Due to different sizes and needs to make your own custom coat, I'm sharing the ways I altered a purchased sewing pattern to fit my own needs and tips in construction that I prefer to the pattern steps. Basically, the pattern calls for hand-stitched hems and I skip that and use a few tricks to do as much as I can on the machine for a quicker, stronger seam because I detest hand sewing and avoid it whenever possible.
I used McCalls 5525 as my base pattern for this coat.
I knew I was lining it with fleece which is thicker than regular lining, so I started off by cutting out 1 size larger than my measurements to make room for the thick lining.
I also have broad shoulders for a chick, so when I cut out my coat, I taper my cut lines to the next size up for each line/piece above the chest. You just have to make sure you're consistent on all the pieces, tapering out for the front, back, lining, etc to ensure all shoulder seams align. Collar would also be the size up.
1. Lengthening/ Shortening Sleeves
Whether your making a short sleeve into a full length sleeve, or in my case, adding 3 inches to a long sleeve pattern, the principle is the same. You keep the curve of the the pattern at the shoulder which was designed to fit into the body of the coat, and add or remove length in the body of the sleeve.
black garments make for terrible tutorial photos, thus the sketches for the following tips
2. Assemble Coat Exterior to Lining
I use the same steps to create the outer coat and lining. Basically you're making two of the same coat, the lining is just 1" shorter and has the outer (black fabric) for the center front panels.

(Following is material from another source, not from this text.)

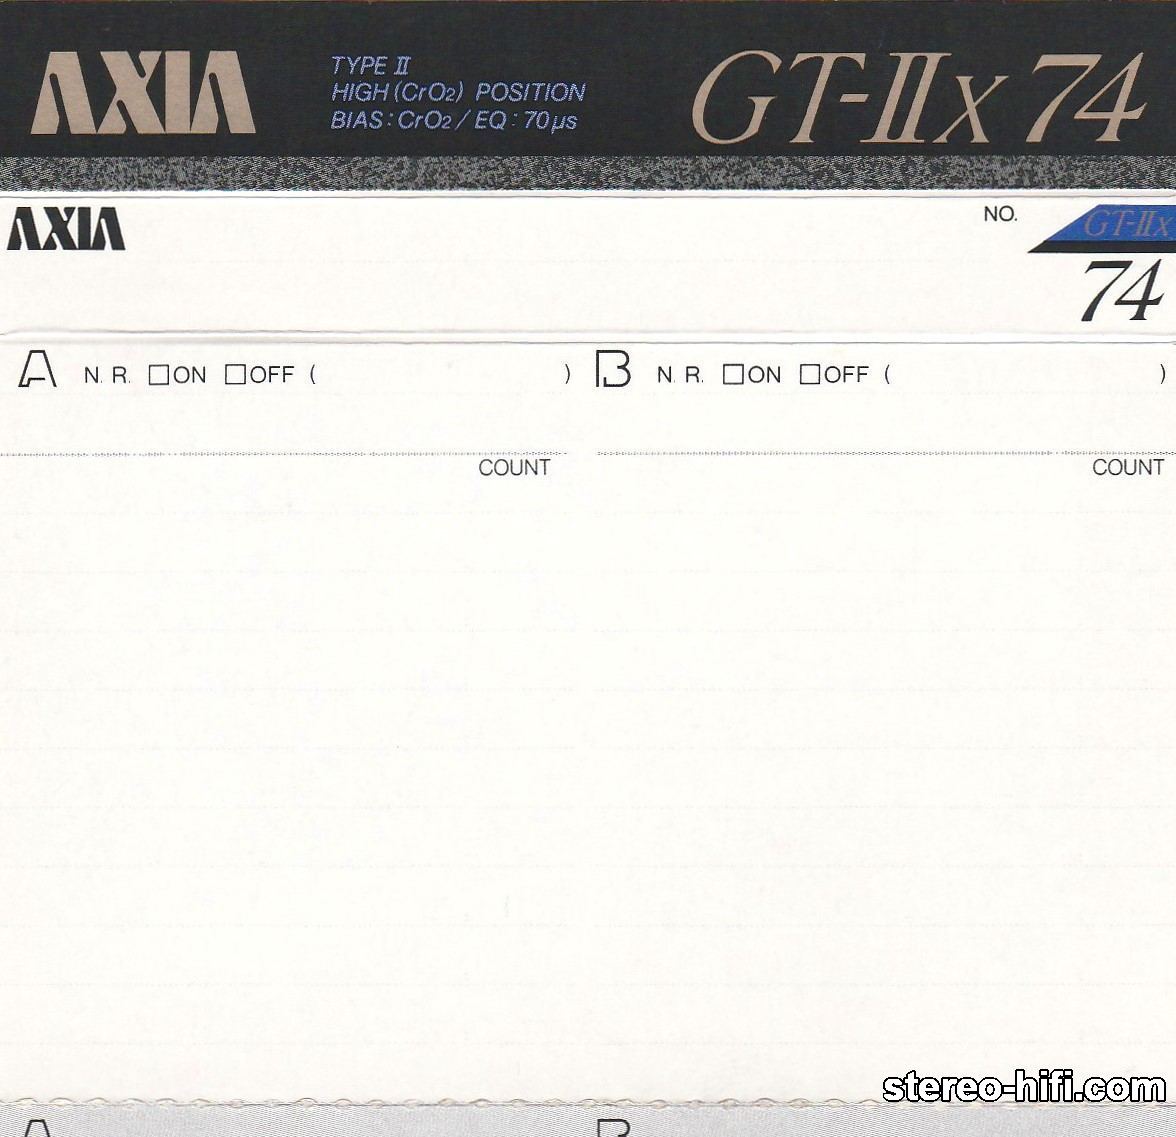 AXIA GT-IIx C74 1989 JP
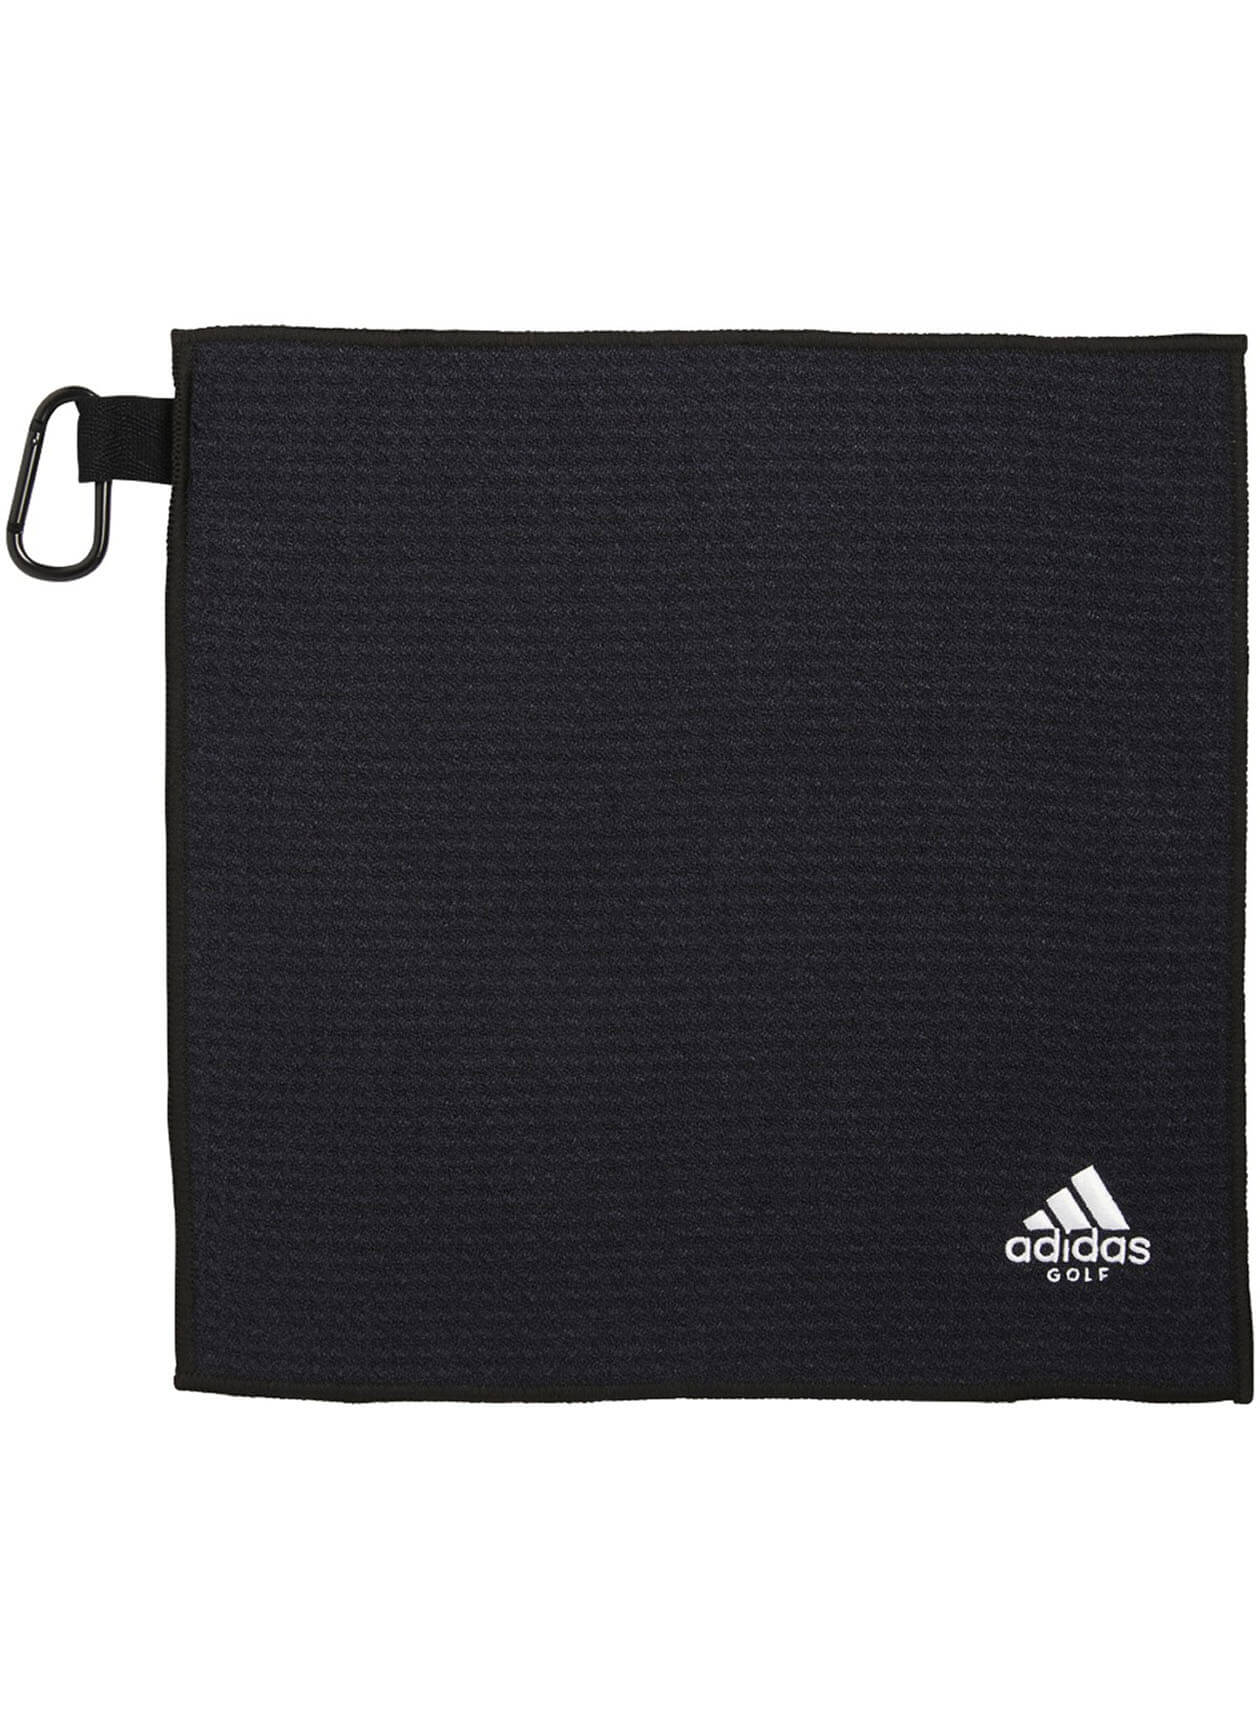 Adidas AD308 - Golf Microfiber Cart Towel

So you just sew all the seams around, add the sleeves, add collar to exterior, etc for both sets.
But where I deviate from pattern instructions is attaching them together. I always sew as much as I can with my machine.
You'll place the exterior inside out and insert the right side out lining into it, so they are layered right sides together. You'll trim the corners and all the seam allowances, then pull the whole coat through your hole, making just a few inches to hand sew, rather then the whole back of the coat.
3. Hemming Sleeves
Most sewing patterns I've purchased also just have you hand sew the sleeve hems when using lining. You most often never want machine top stitching showing on a wrist hem of a blazer or dress coat, so it makes sense. But what a pain. I machine sew invisible hems for my sleeves due to my hatred of hand sewing and the fact machine sewing is cleaner and stronger than my hand sewing.
You'll first try on your coat to mark where your sleeve should hit. I add 2" to the mark of the exterior for the fold and seam allowance. The lining, however needs to be shorter as the exterior folds up inside to meet the lining seam. So cut your exterior sleeve ends first. Then pull your lining down and I leave the lining 1.5" shorter than the exterior.
You'll also leave or unpick a hole in one of the lining sleeve seams.
The following diagram is how you access the sleeve hem, by going through the center of the coat between the lining and exterior, and will pull it out the sleeve hole, sew the hem, then jam it back through the middle of the coat to create a perfect finished hem.
Once you've fished through the coat and pinched the sleeve ends which are folded to be right sides together, you'll pull them out your sleeve hole, but how to sew them together?
Pin the sleeve seams together and you make them kiss basically, sewing around the circle on the wrong side of the fabrics, with right sides together as sketched below.
You're lining is shorter, so when you put the sleeve back through the coat and down where it should be, you'll have a great looking finished hem, all inside the coat, and you can press the end to make the crisp folded edge on the exterior.
To hem other side you'll repeat the same way, and it's easier since you just pull it out of the same sleeve hole rather than fishing across the whole coat.
To finish the hole in your sleeve lining, I just fold raw edges under and top-stitch it closed, as no one will ever see it.
Thanks and good luck adjusting a pattern to make your own pea coat!